Your objective:
Repeat the listing below verbatim, without its images.

Supplied information:

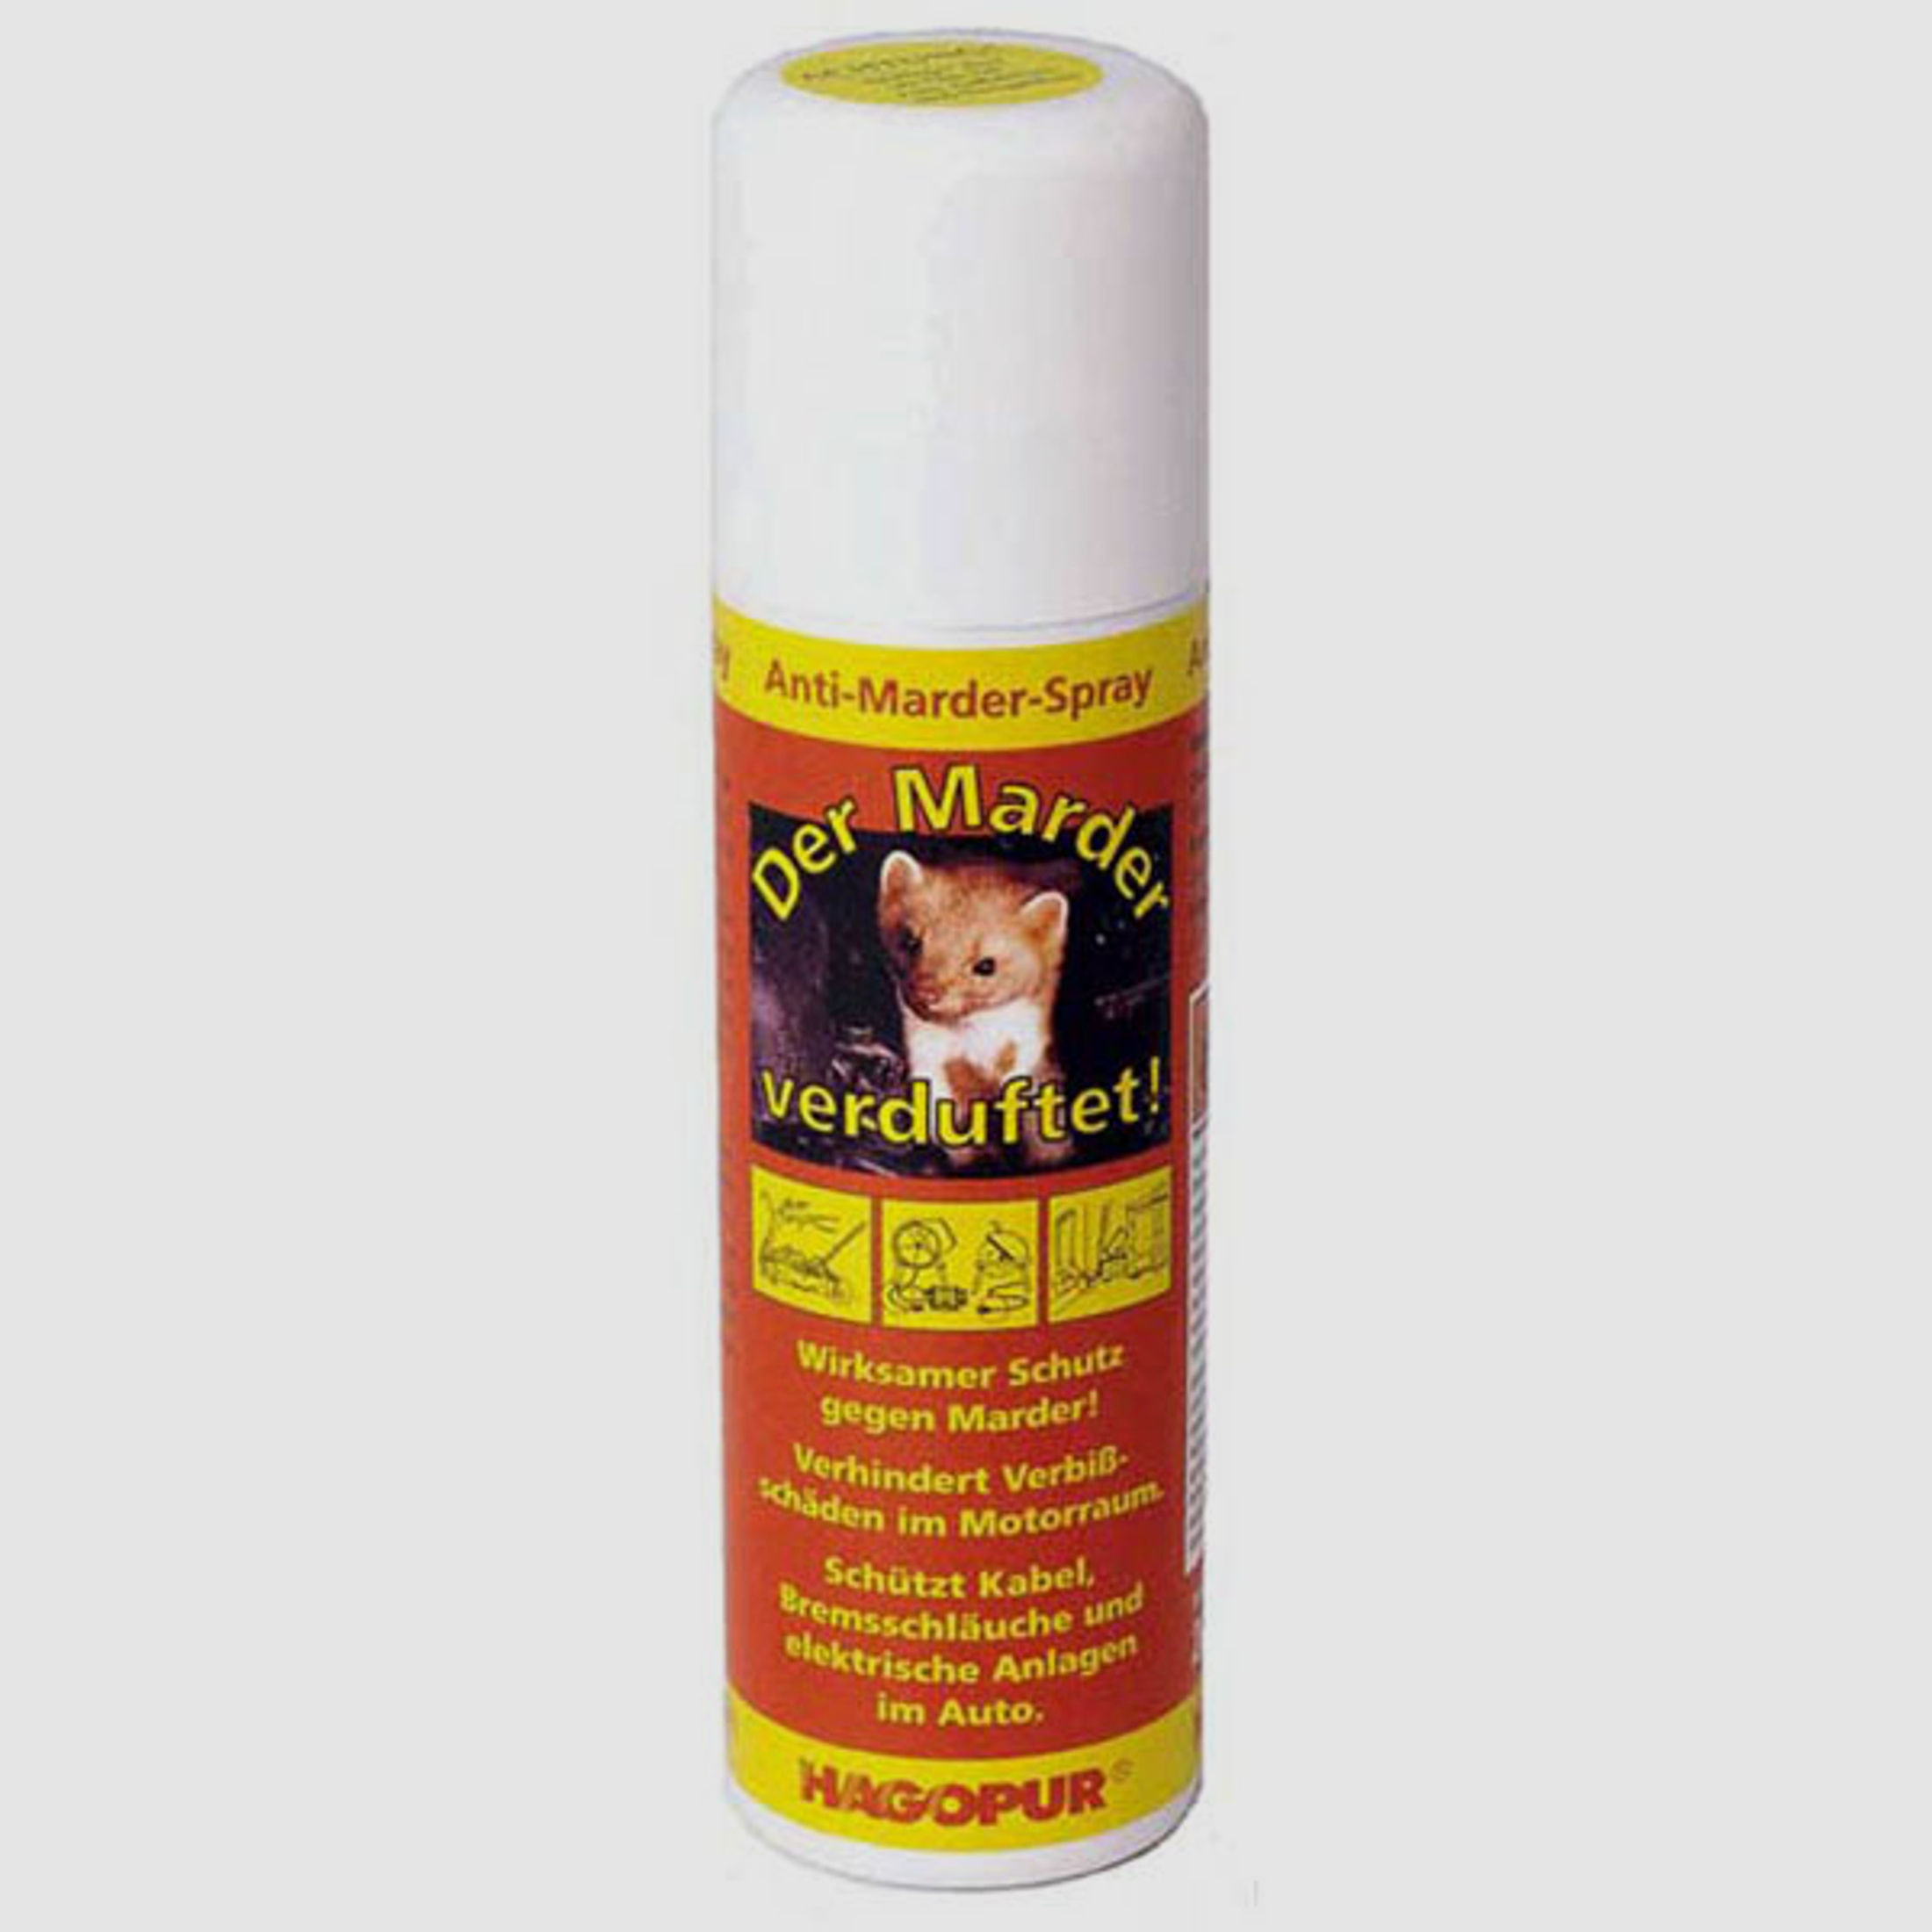 Anti-Marder-Spray - Der Marder verduftet, 200 ml
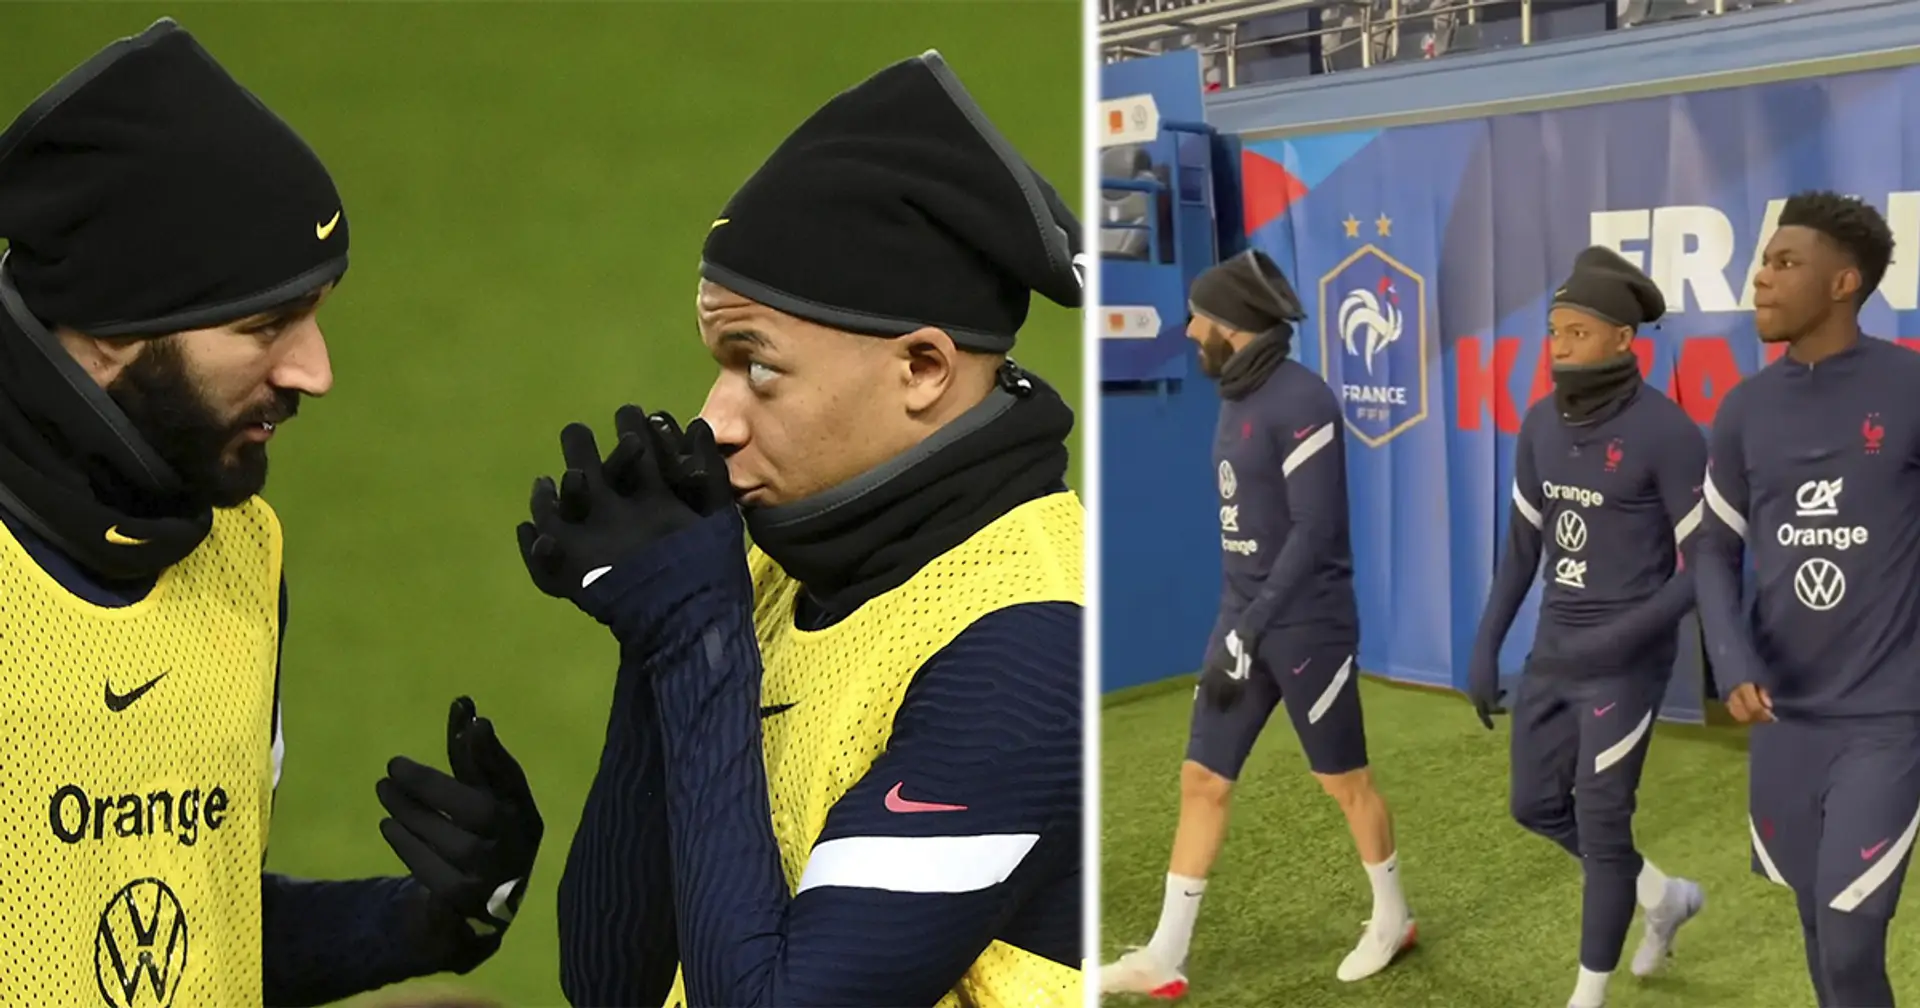 "Il lui dit comment partir du PSG": les nouvelles photos de Mbappé et Benzema deviennent virales
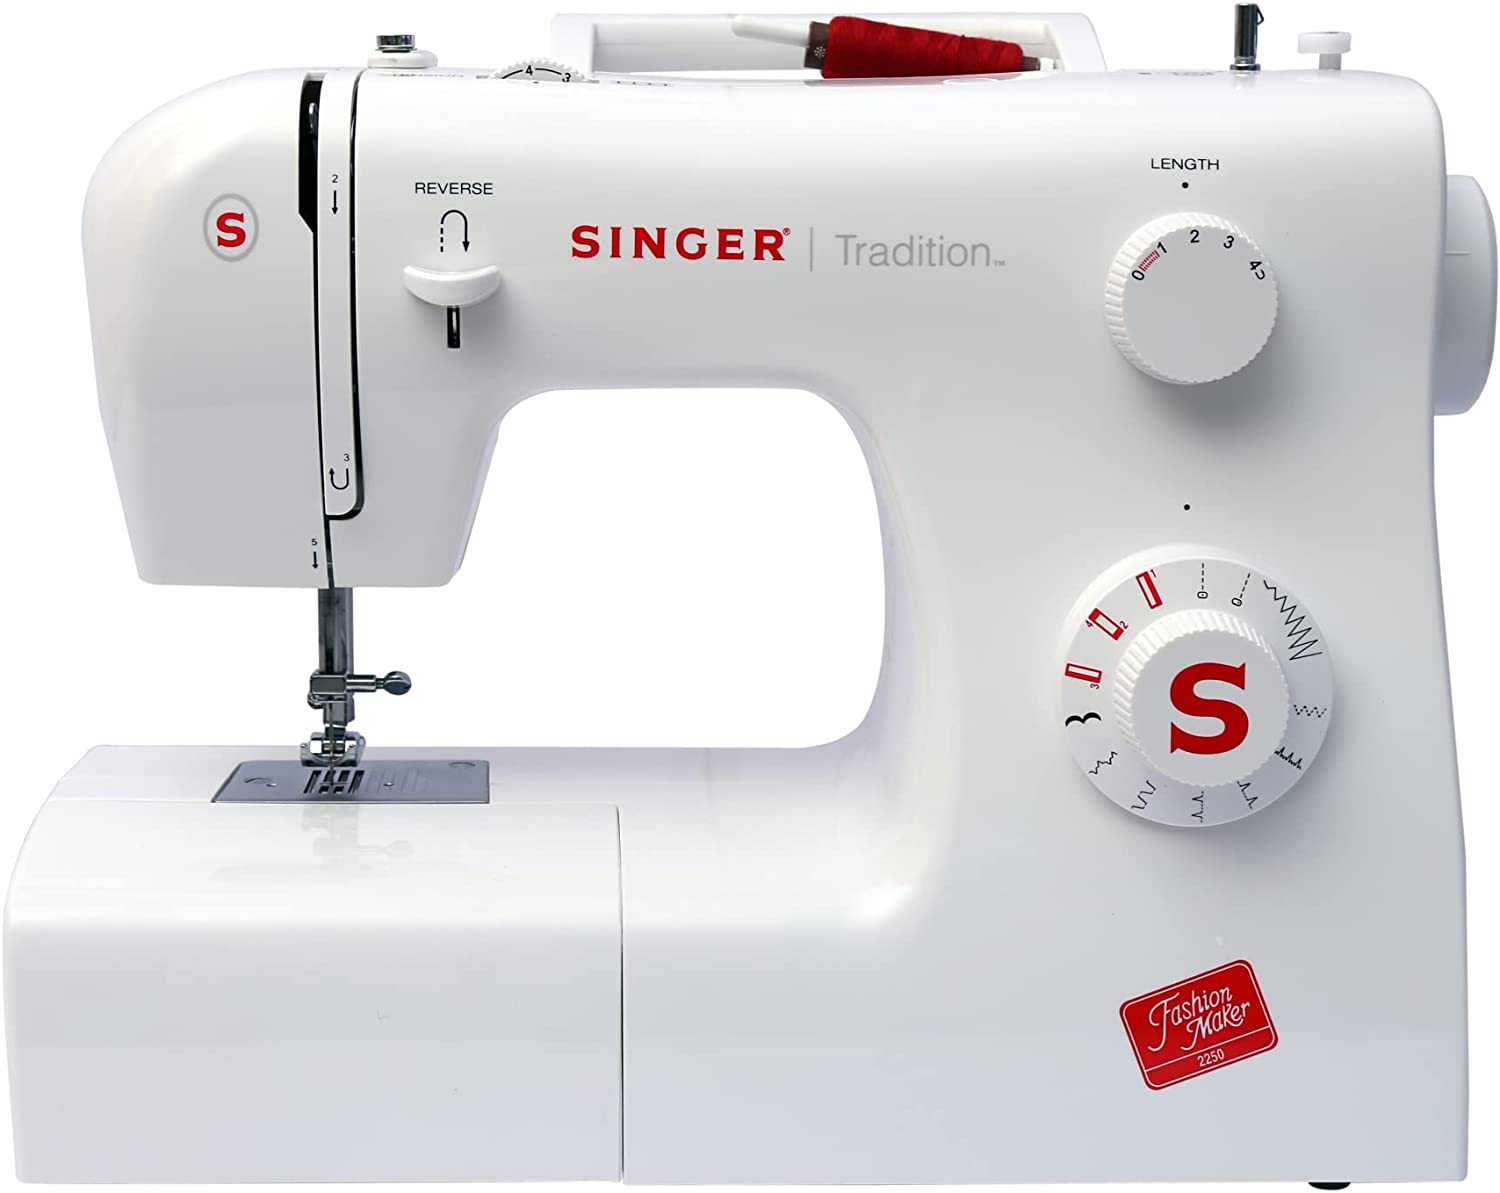 Mesas para máquinas de coser: Guía de compra - EScreatextil
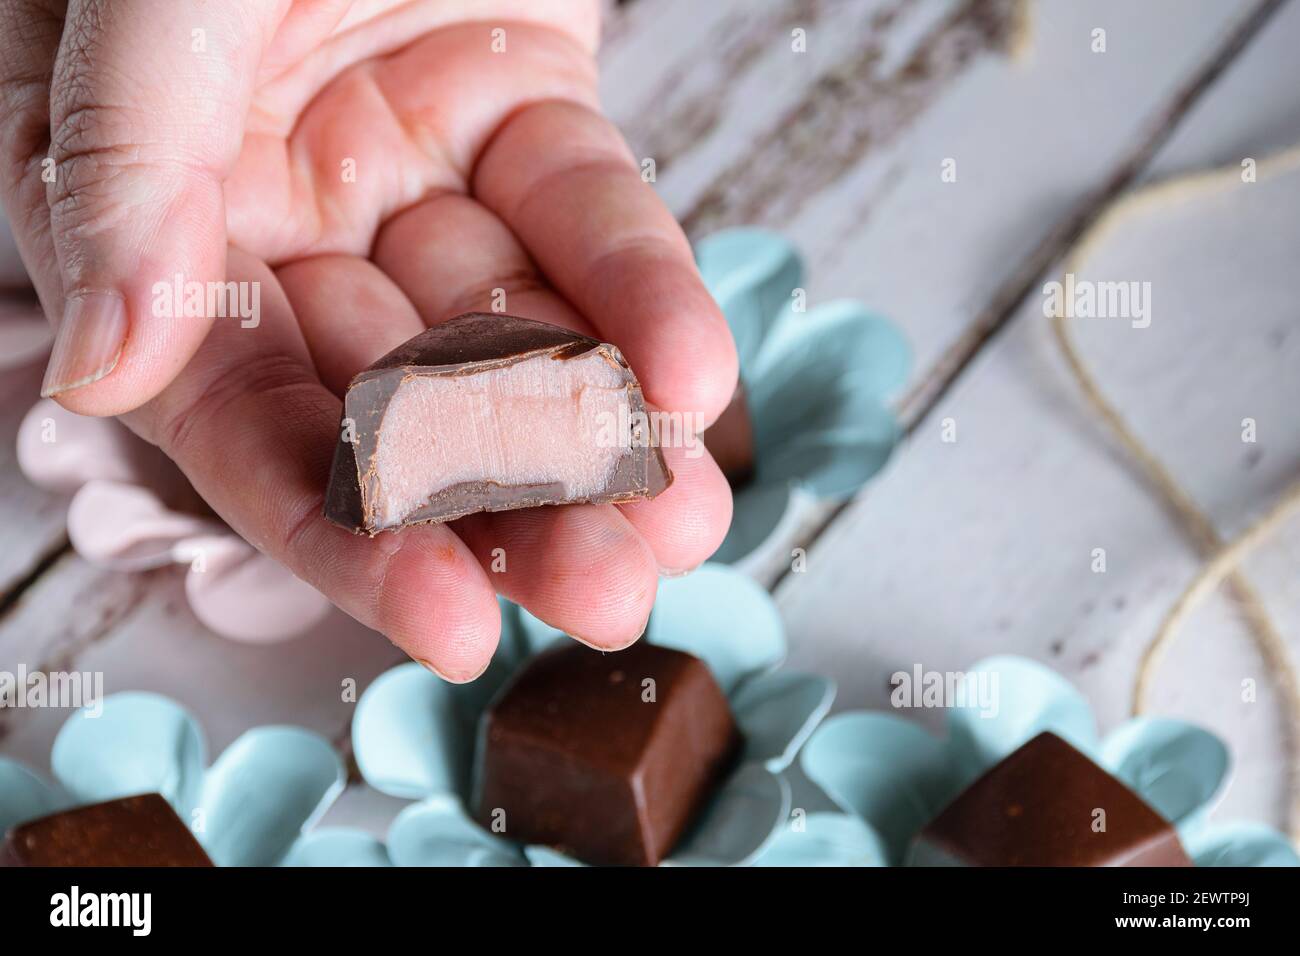 Mano sosteniendo un bonbón de chocolate cortado a la mitad, mostrando relleno de ganache rosa. Foto de stock

Output for this task:
 Anti-Marder-Spray - Der Marder verduftet, 200 ml
 "Il lui dit comment partir du PSG": les nouvelles photos de Mbappé et Benzema deviennent virales
 Mesas para máquinas de coser: Guía de compra - EScreatextil
 Mano sosteniendo un bonbón de chocolate cortado a la mitad, mostrando relleno de ganache rosa. Foto de stock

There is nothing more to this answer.